Cours 3 Flashcards
Savoir interpréter une phylogénie (représentation visuelle).
Savoir interpréter une phylogénie (représentation visuelle).
Définir les concepts de groupe monophylétique, paraphylétique, et polyphylétique.
monophylétique : qui contient tous les descendants d’un même ancêtre commun
paraphylétique : qui n’inclus pas tous les descendants provenant du même ancêtre commun
polyphylétique : contient un certain nombre de taxons, mais ne contient pas l’ancêtre commun à tous. Le groupe dérive de deux ou plusieurs espèces ancestrales. Repose sur des homoplasies, plutôt que des homologies.
Expliquer la notion de polarité des caractères (état plésiomorphe vs apomorphe, ou ancestral vs dérivé).
Plésiomorphe (ancestrale): état primitif d’un caractère
Apomorphe (dérivé): état dérivé d’un caractère
Définir ce qu’est une synapomorphie.
homologie dérivée partagée, obligatoires pour avoir groupes monophylétiques
Comprendre le principe de la reconstruction phylogénétique par parcimonie.
le plus probable du point de vue évolutif, est qu’il y ait le moins d’étape pour arriver a une évolution.
Identifier les particularités de la méthode de reconstruction phylogénétique par vraisemblance, reconnaître quand ils peuvent être utilisés (traits génétiques vs morphologiques).
ce modèle précise des choses comme la proportion de chaque nucléotide dans les séquences et le taux de mutation pour chaque substitution possible (transitions VS transversions)

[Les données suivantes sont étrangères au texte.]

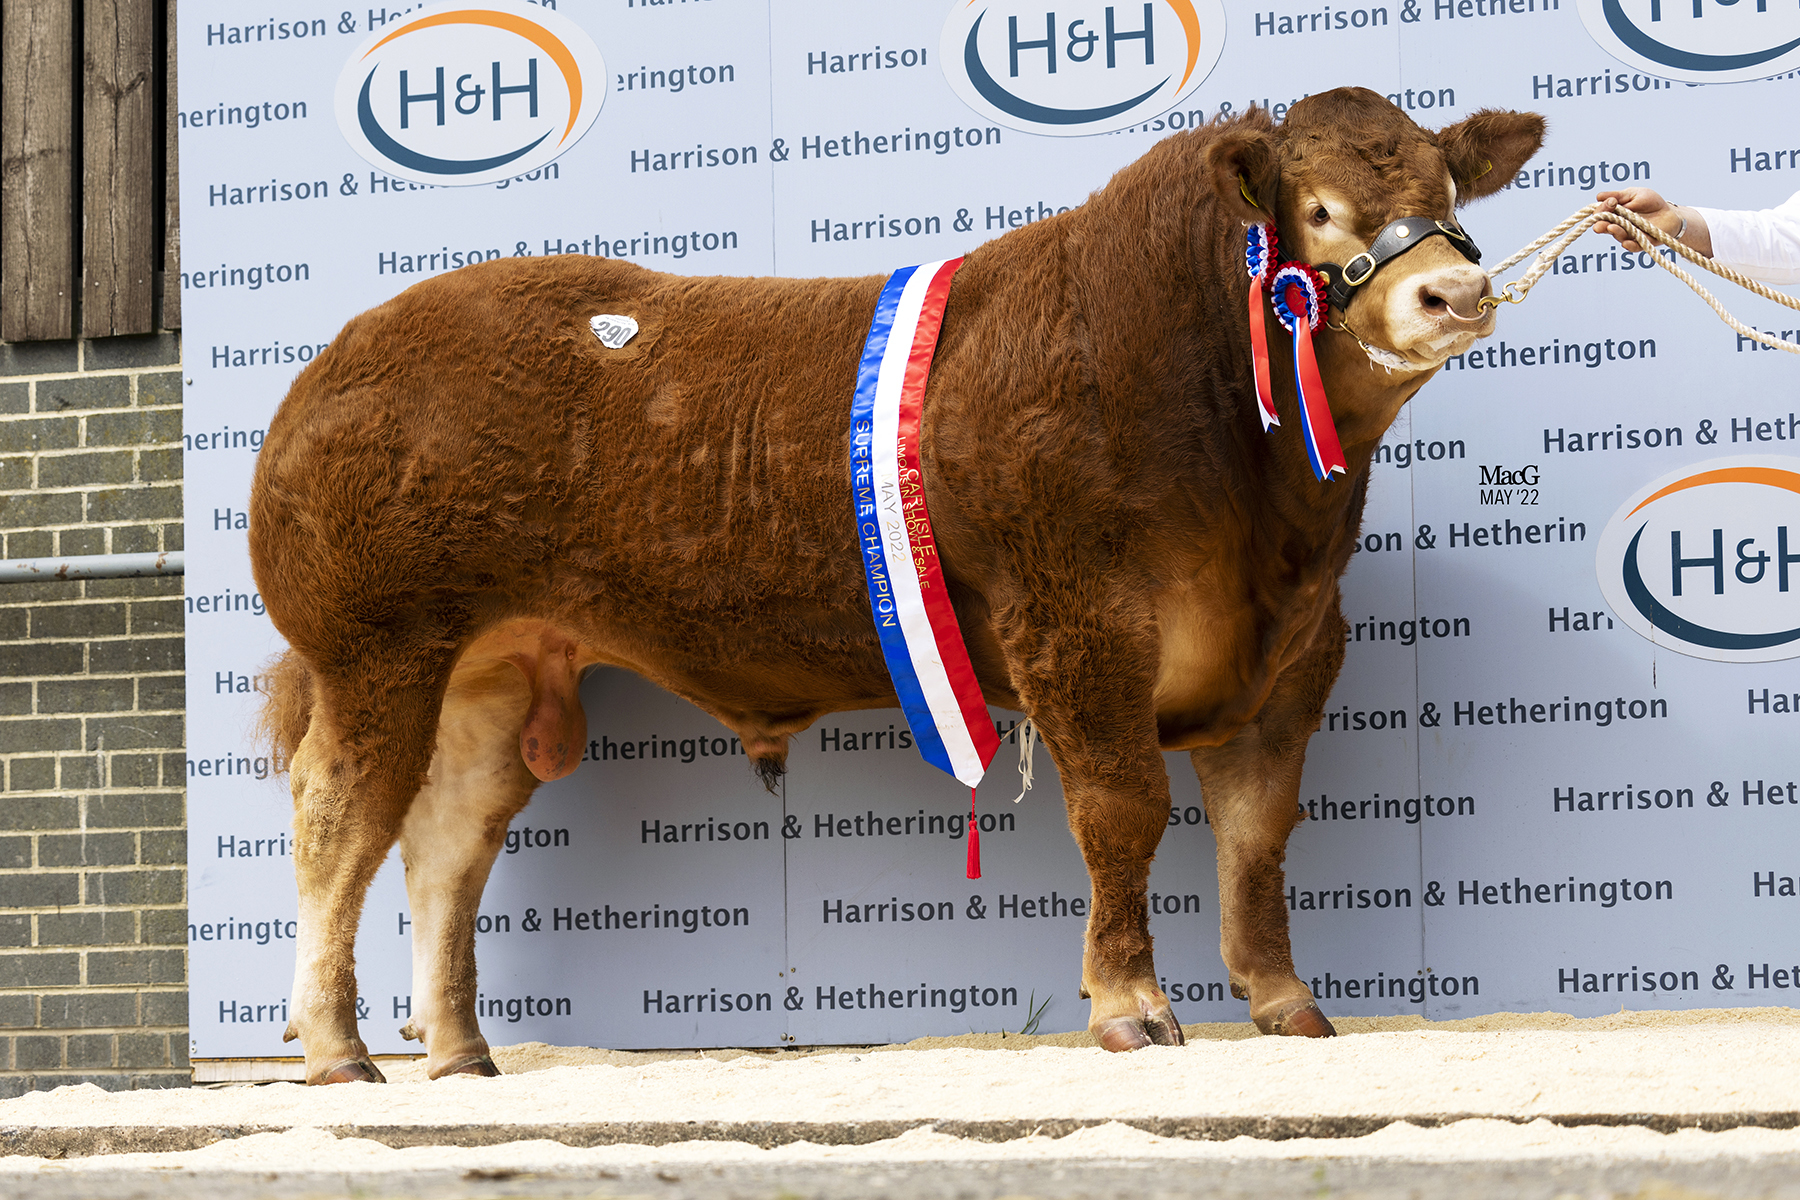 Gerwyn Jones sold Graiggoch Rambo for a world record price of 180,000gns in May

*Permet d’estimer les longueurs des branches
*Permet de calculer le taux de mutation à travers une séquence (distribution gamma est souvent utilisée)
*Limite les problème d’homoplasie
Donner des exemples des paramètres trouvés dans un modèle d’évolution
- Type de mutation (transversion ou transition)
- Distribution des mutations dans le génome
Discerner la notion d’homoplasie dans le contexte de données génétiques, phénomène de saturation des mutations, variation du taux de substitution entre positions des codons.
homoplasie dans le contexte de données génétiques : risque d’être des gènes différents
phénomène de saturation des mutations : à moment donné on a testé toutes les mutation possibles
variation du taux de substitution entre positions des codons : selon le code
Expliquer pourquoi le taux de mutation diffère entre transitions et transversions.
En raison des propriétés biochimiques des nucléotides, une transition est beaucoup plus probable qu’une transversion (requière moins de modifications). Donc de purines à purines plus probable.